Exact copies of the lines below are the goal; any images in them are dropped.
++++++++++
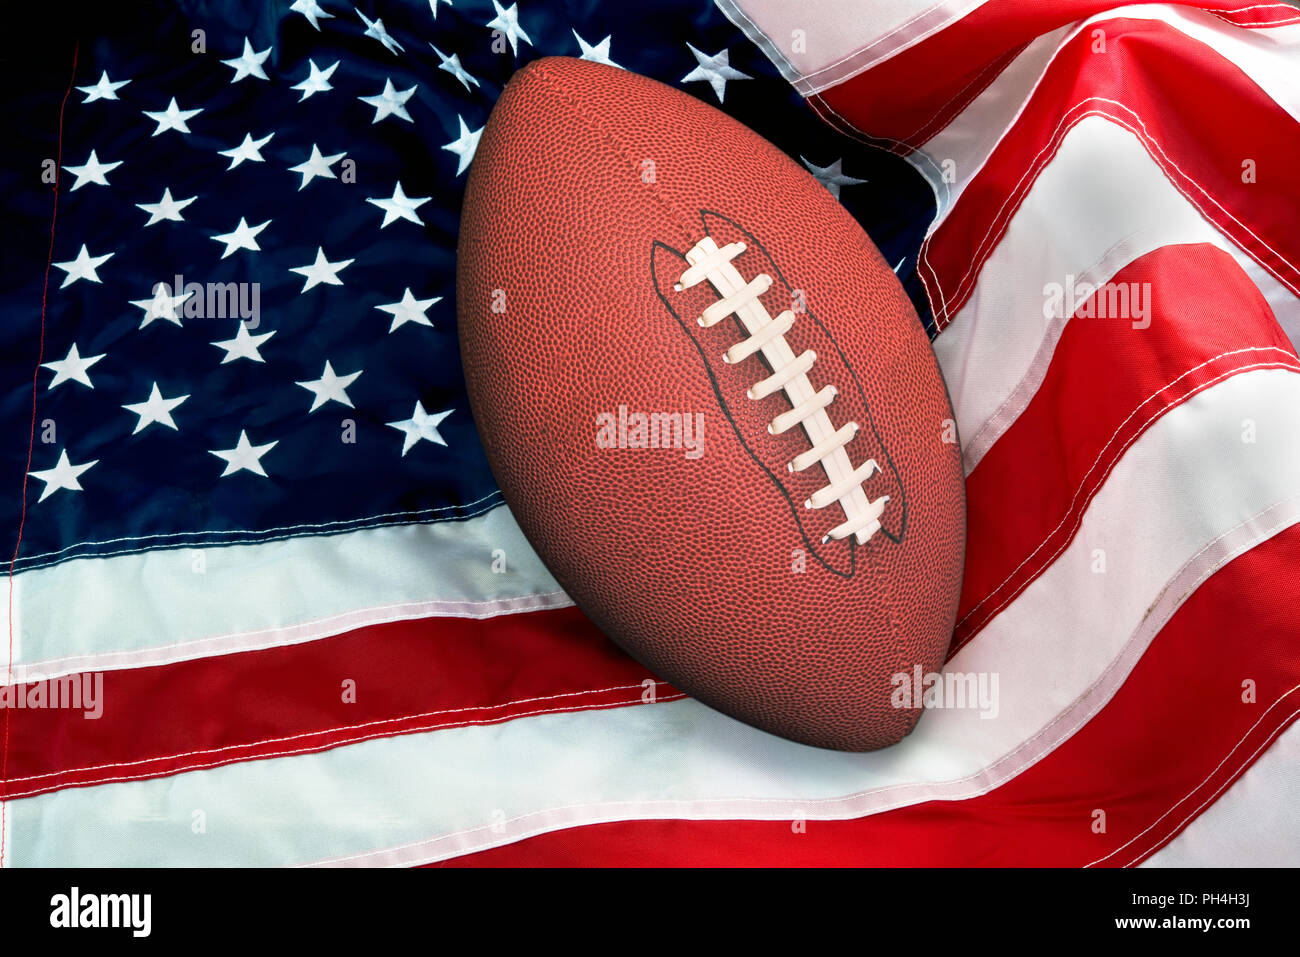 American football on American flag, old glory. Stock Photo
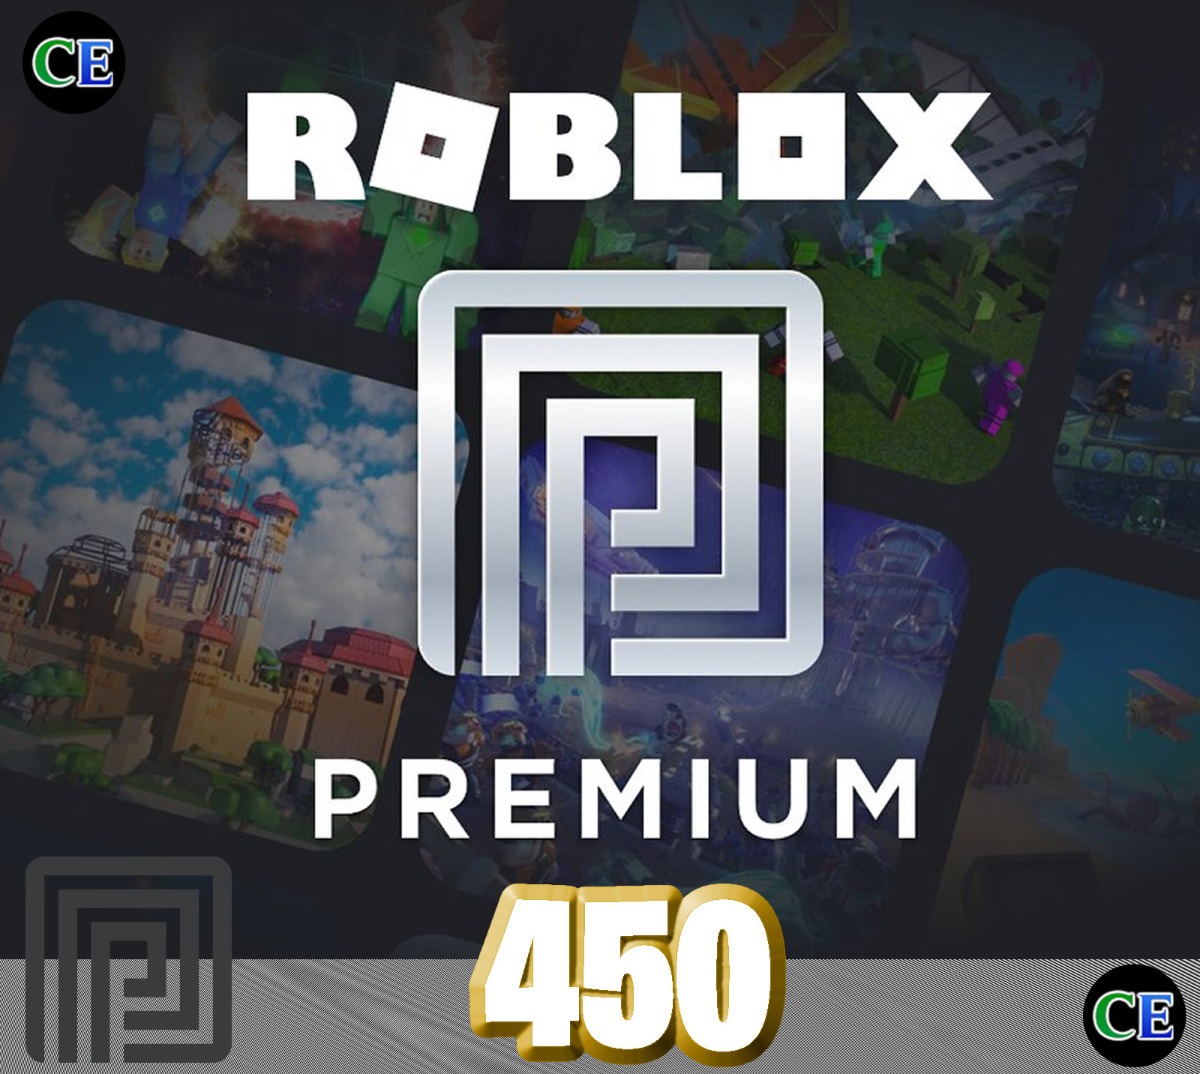 Roblox Premium 450 Robuxmes At Entrega Inmediata - builder club roblox inicio facebook
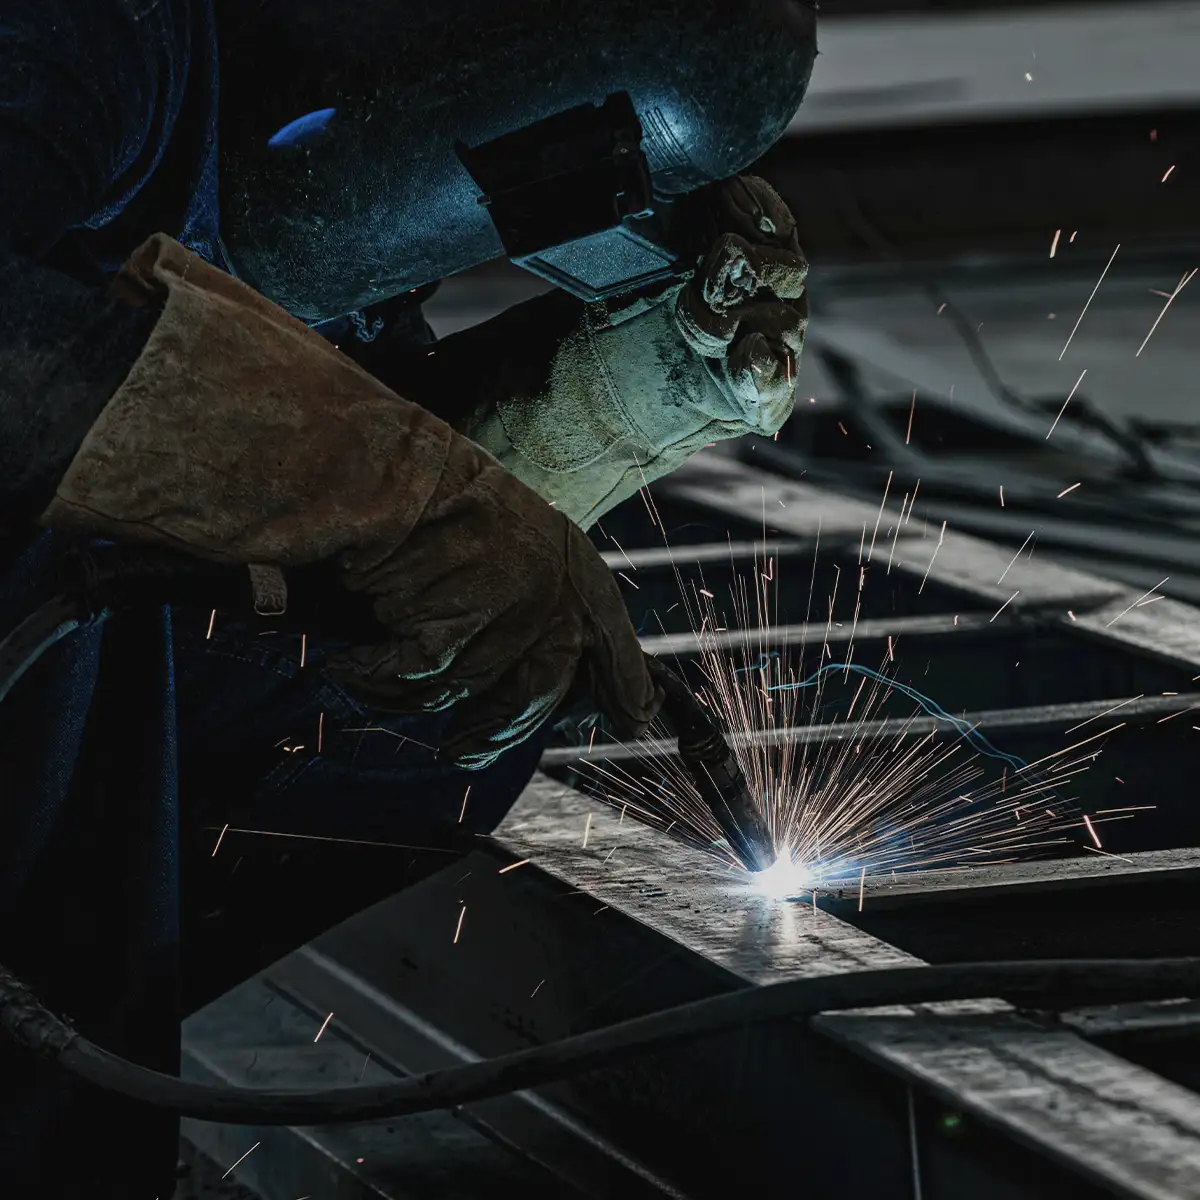 Australia slashes acceptable workplace welding fume limit 1200
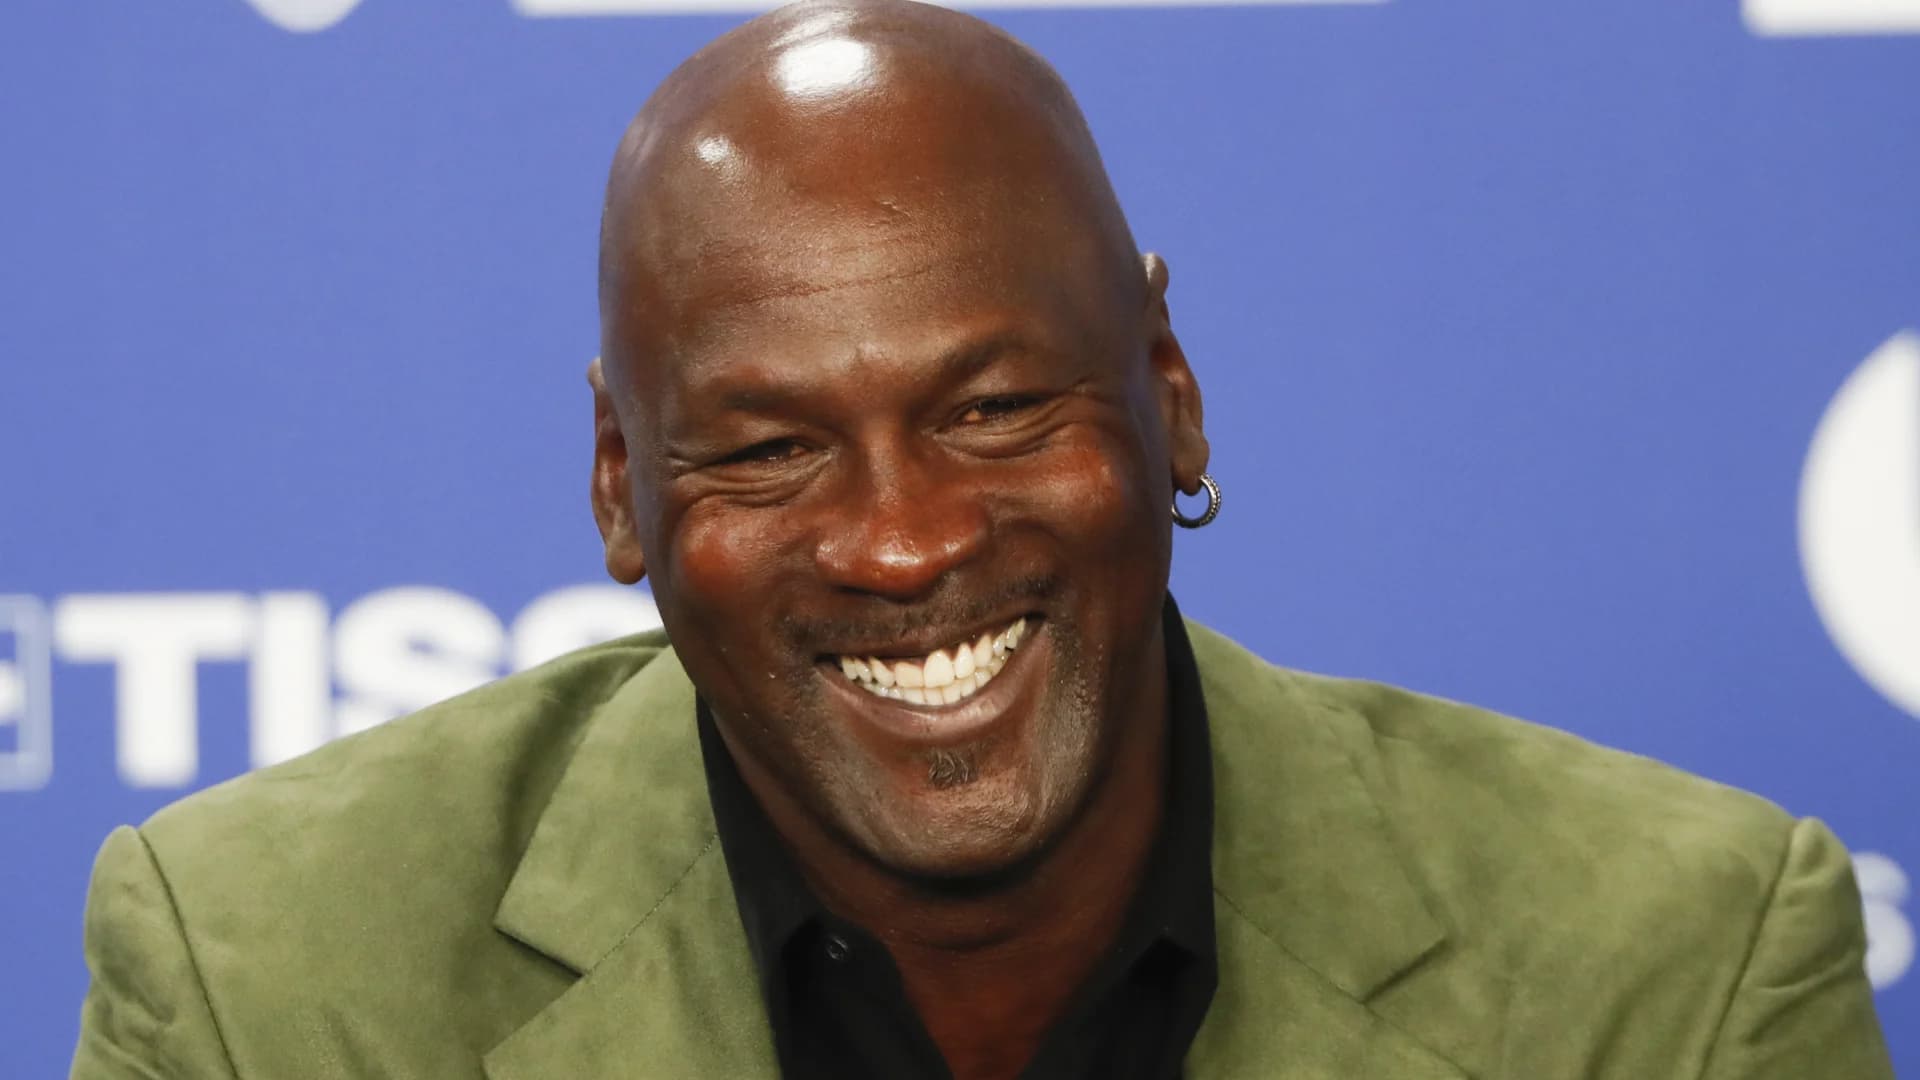 Michael Jordan donates $10M to Make-A-Wish for 60th birthday
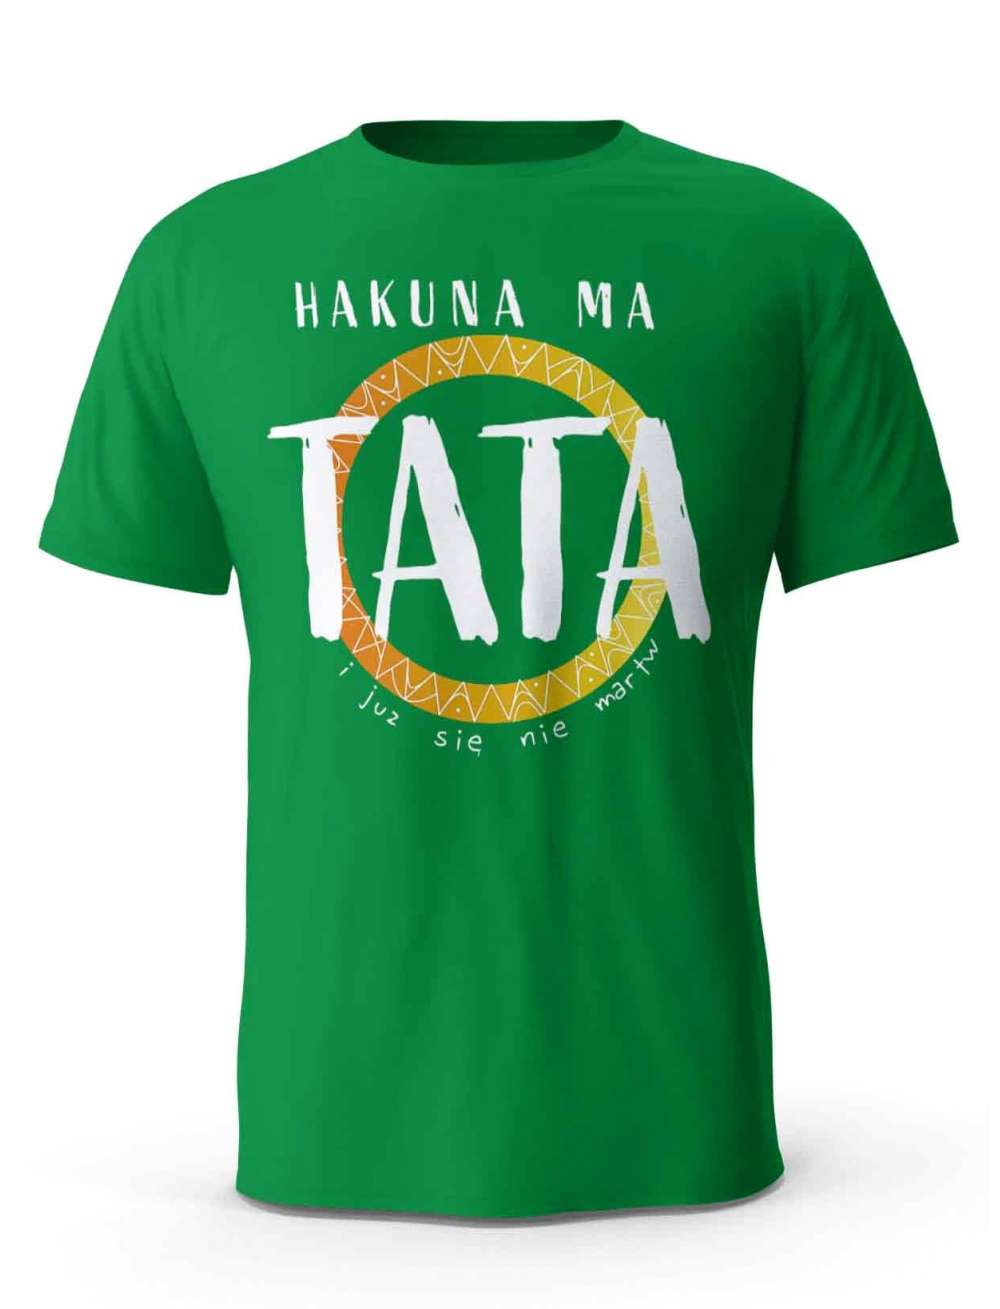 Koszulka Hakuna Ma Tata Zółta , T-shirt dla taty
++++++++++
● Exercise result:
 American football on American flag, old glory. Stock Photo
 Roblox Premium 450 Robuxmes At Entrega Inmediata - builder club roblox inicio facebook
 Australia slashes acceptable workplace welding fume limit 1200
 Michael Jordan donates $10M to Make-A-Wish for 60th birthday
 Koszulka Hakuna Ma Tata Zółta , T-shirt dla taty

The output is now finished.